Ülkemizdeki en temel sorunlardan biri de bu ‘sen-ben’ meselesidir. Bu anlayış Türkiye’nin tüm damarlarına işlemiş durumda. Bugünkü siyasi atmosferin temelinde de bu ayrışma var. Milletimizin artık uyanması gerekiyor. Eğer haklıya ‘haklı’, haksıza da ‘haksız’ diyebiliyorsak, işte o zaman bir şeyleri başarmaya başlayacağız demektir.
Gemlik’in beş temel sorunu var. Bunların başında deprem riski geliyor. Hepimiz 1999 Marmara Depremi’ni hatırlıyoruz. O dönemde yaşanan acı tablolar hâlâ hafızalarımızda. En çok hatırlanan sahnelerden biri, enkaz altında hayatını kaybeden bir kız çocuğunun elini günlerce bırakmayan bir babanın görüntüsüydü.
Gemlik ciddi bir deprem riskiyle karşı karşıya. Son haftalarda yaşanan art arda depremlerle yeniden bir uyanış yaşadık. Ne yazık ki bizde her zaman bir şeyler olduktan sonra harekete geçme anlayışı var. Bu anlayışı artık geride bırakmamız gerekiyor. Önleyici tedbirleri önceden almalıyız.

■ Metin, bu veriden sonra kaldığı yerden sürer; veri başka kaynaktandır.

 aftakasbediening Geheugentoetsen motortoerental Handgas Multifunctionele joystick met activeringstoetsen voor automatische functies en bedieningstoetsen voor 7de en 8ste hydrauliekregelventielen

Bugün Gemlik’te yaklaşık 20 bin yapı bulunuyor. Bağımsız birim sayısı ise yüz binin üzerinde. Bunların %48’inin yıkılabileceği ihtimali, yapay zeka simülasyonlarında bile çok acı sonuçlar doğuruyor. Bu nedenle göreve geldiğimiz günden beri bu konuda çalışmalar başlattık. Tüm siyasi partilerin ilçe ve il başkanlarını defalarca ziyaret ederek konu hakkında bilgilendirdik. Bu konuda siyaset üstü bir birlikteliğe ihtiyaç olduğunu ifade ettik. Sağ olsunlar, bu çağrımız karşılık buldu. Başta il başkanımıza ve ilçe başkanlarımıza teşekkür ediyorum.
Biz yerel yöneticiler olarak hiç kimseyi ötekileştirmemeliyiz. Geldiğimiz günden bu yana görevlendirmelerde kimsenin siyasi görüşüne bakmadık. Liyakat ve yetkinlik esastır. İhtiyaç duyulan pozisyona uygun beceriye sahip insanlar arasından seçim yaptık. Bursa Büyükşehir Belediyemizin de aynı anlayışla hareket ettiğini biliyoruz.

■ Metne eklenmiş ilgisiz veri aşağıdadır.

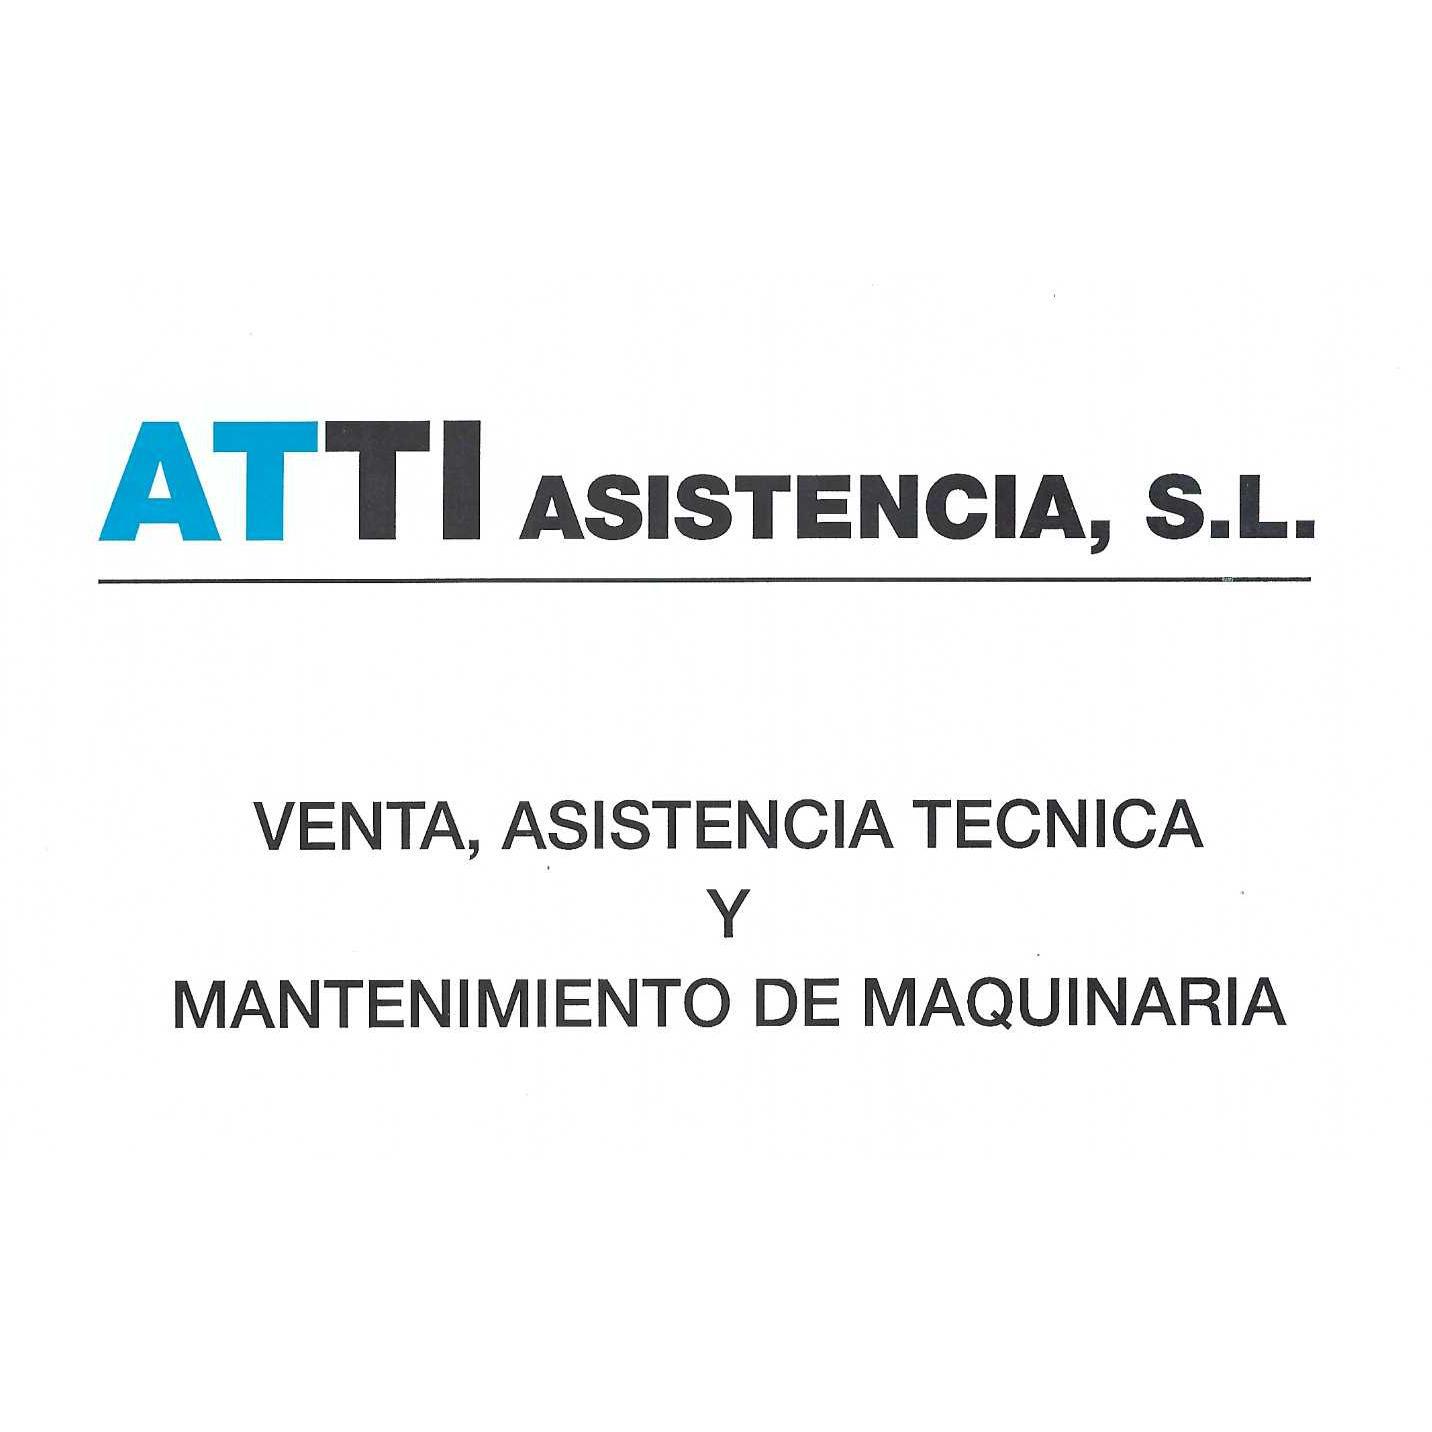 Atti Asistencia Sl Logo

İkinci büyük sorun, bağımlılık. Bu, sadece Gemlik’in değil, Türkiye’nin sorunu. Bu konuda da çok ciddi bir toplumsal iş birliğine ihtiyacımız var. Bu bağlamda “Yetenek Sizden, Destek Bizden” projesini geçtiğimiz yıl başlattık. Milli Eğitim Müdürlüğümüz ve Kaymakamlığımızla birlikte imzalanan protokolle 2.000 öğrencimiz projeye dahil oldu. Sekiz farklı branşta yapılan çalışmalar, öğrencilerin sosyal hayata katılımını artırdı.
Projeyi daha da genişletmek istedik ama ekonomik koşullar maalesef sınır koydu. Yine de kararlılıkla çalışmalarımıza devam ediyoruz.
Biz geldiğimiz günden bu yana kimseyi ayırmadan, ötekileştirmeden, gerçek bir halkçı ve sosyal belediyecilik anlayışıyla sahada olmaya çalışıyoruz. Bu anlayışımızı görev süremiz boyunca inatla ve kararlılıkla sürdüreceğiz.
Basına da bu noktada büyük görev düşüyor. Lütfen sahaya gelin, bizimle birlikte görün. Eleştiriniz varsa da başımızın üstünde yeri var. Biz bundan ders çıkarır ve kendimizi geliştiririz. Önemli olan samimi olmak ve birlikte çözüm aramak. Eğer bunu başarabilirsek, hem Gemlik’i hem Türkiye’yi daha iyi bir geleceğe taşıyabiliriz.”